# WHAT YOU WILL DO
Starting at the line that contains "Holding my homemade knife", reproduce only the lines through the end of the data, exactly, including both the first and the last; skip the pictures.

# SUPPLIED DATA
= Beginning of Section =

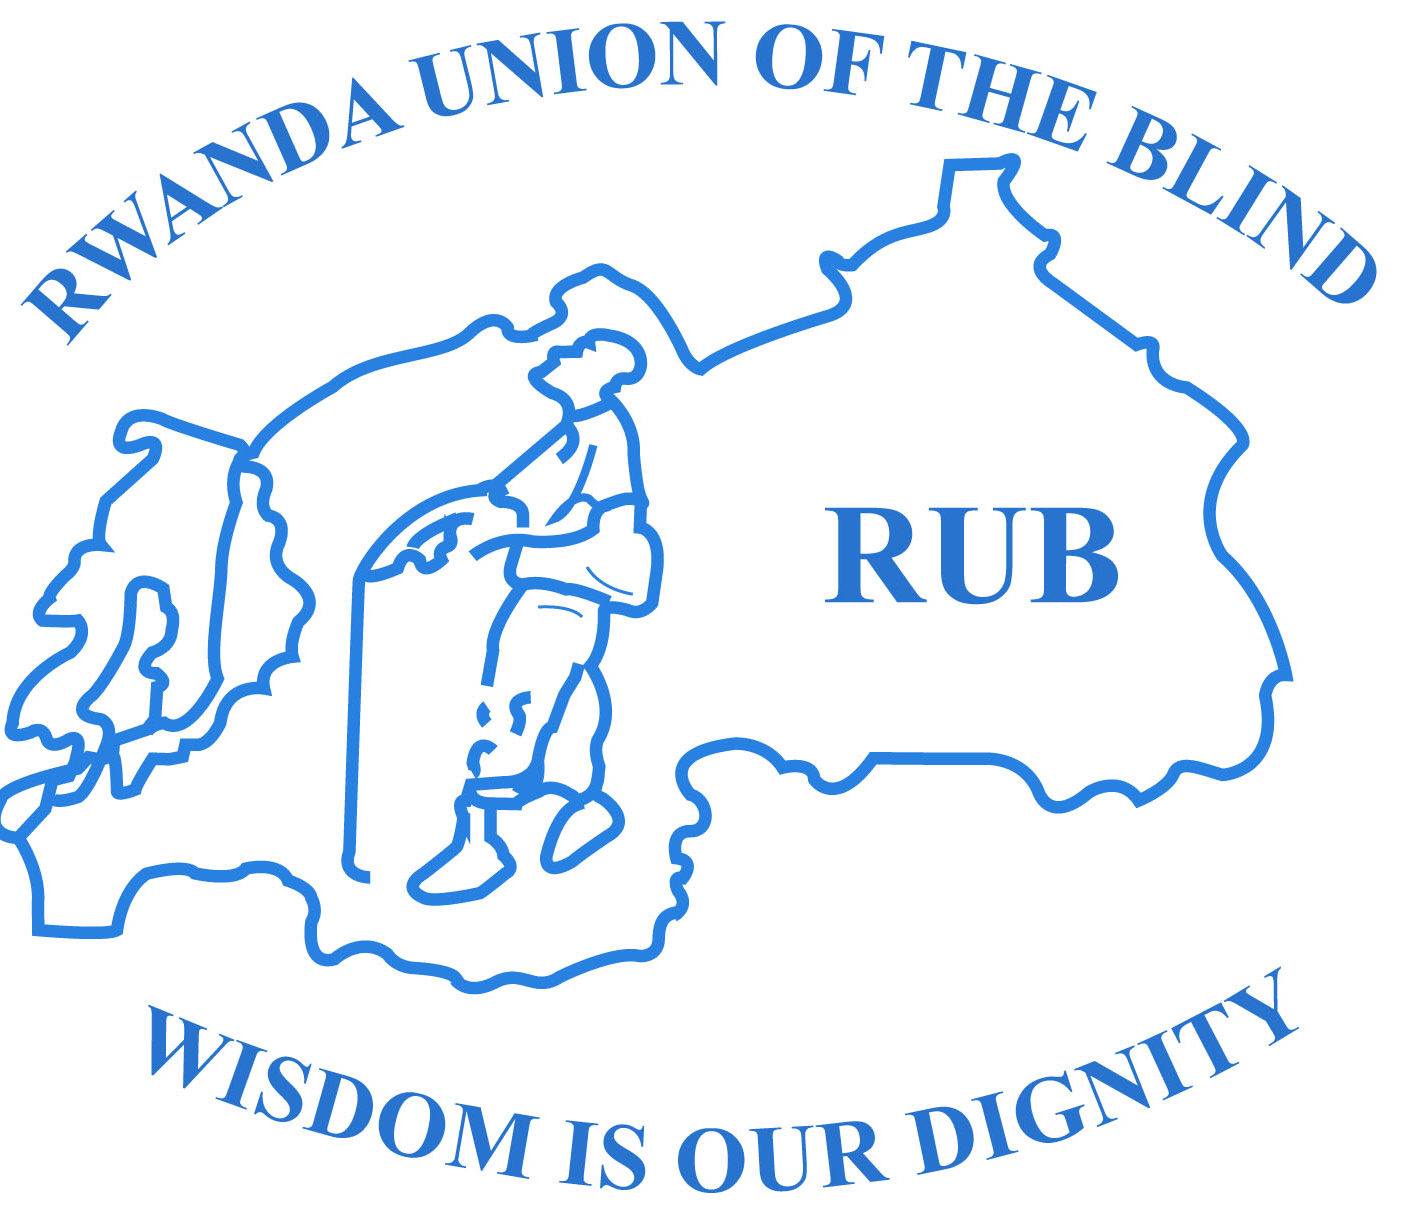 RWANDA UNION OF THE BLIND
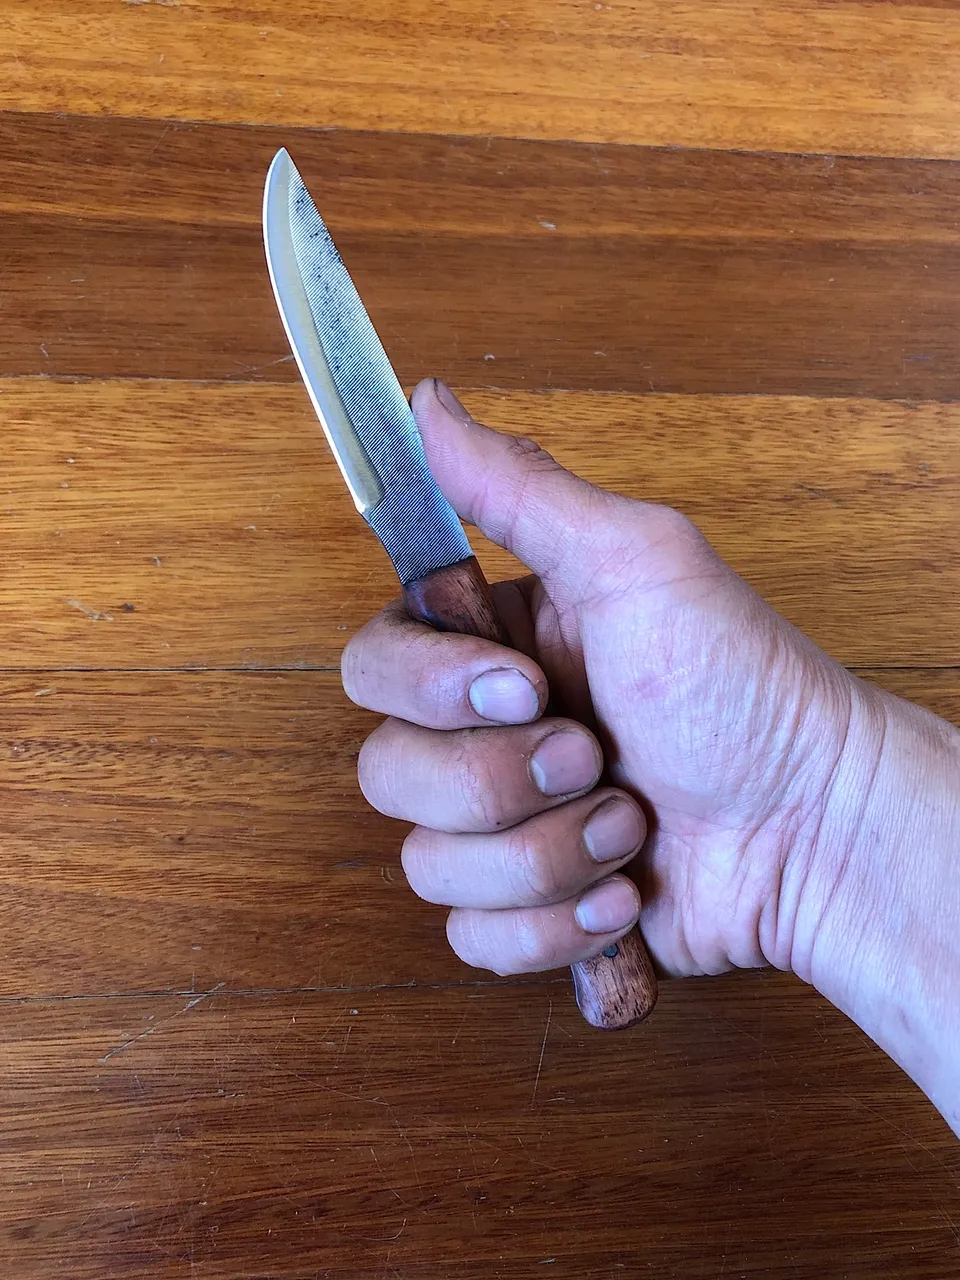 Holding my homemade knife
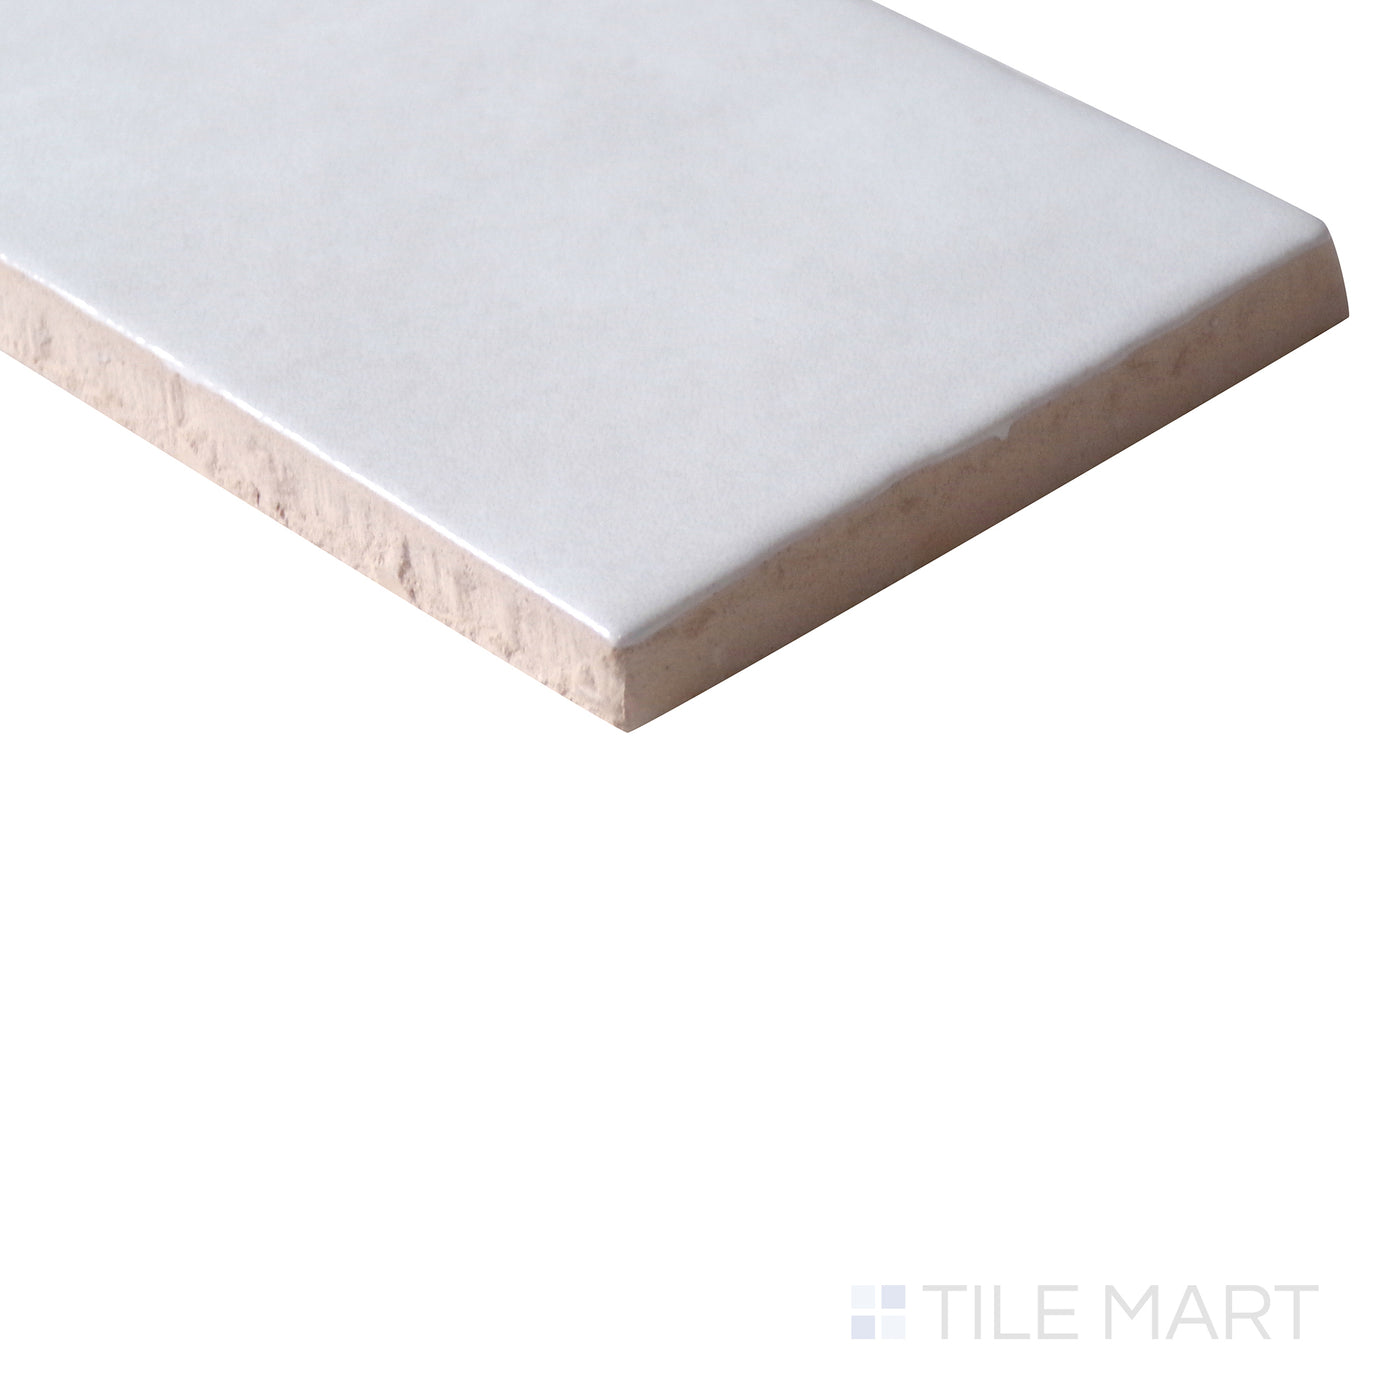 Cloe Glazed Ceramic Field Tile 2-1/2X8 White Gloss
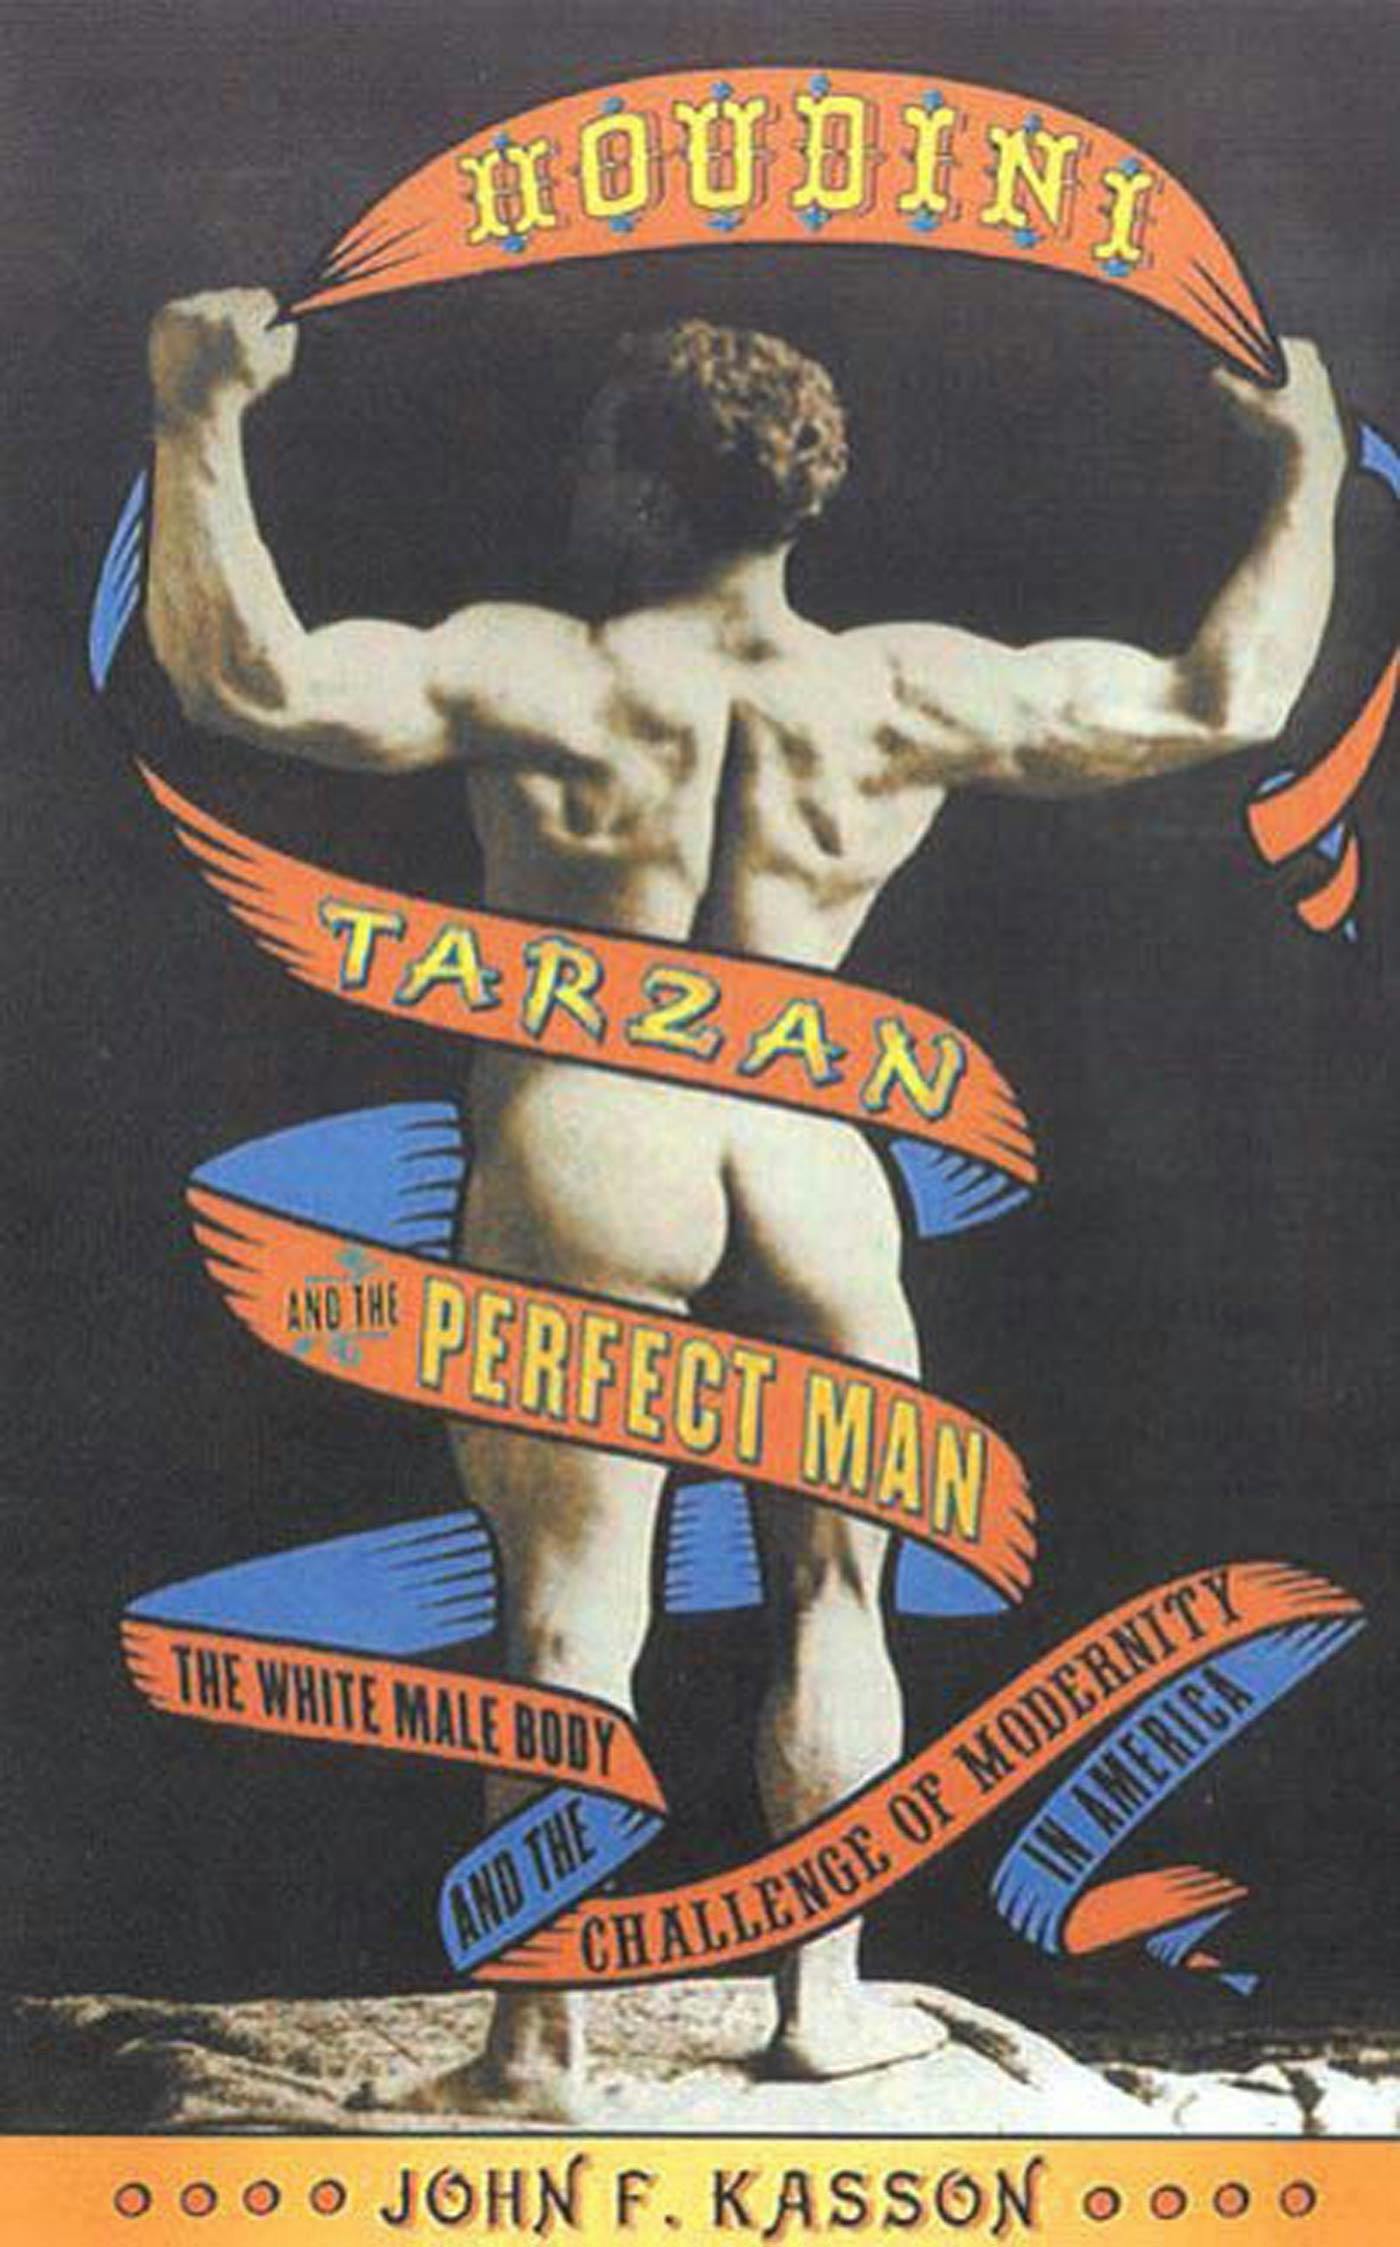 Vintage Nudist Beauty Contests - Houdini, Tarzan, and the Perfect Man

= End of Section =

# ANSWER BOX
 Holding my homemade knife
 Cloe Glazed Ceramic Field Tile 2-1/2X8 White Gloss
 Vintage Nudist Beauty Contests - Houdini, Tarzan, and the Perfect Man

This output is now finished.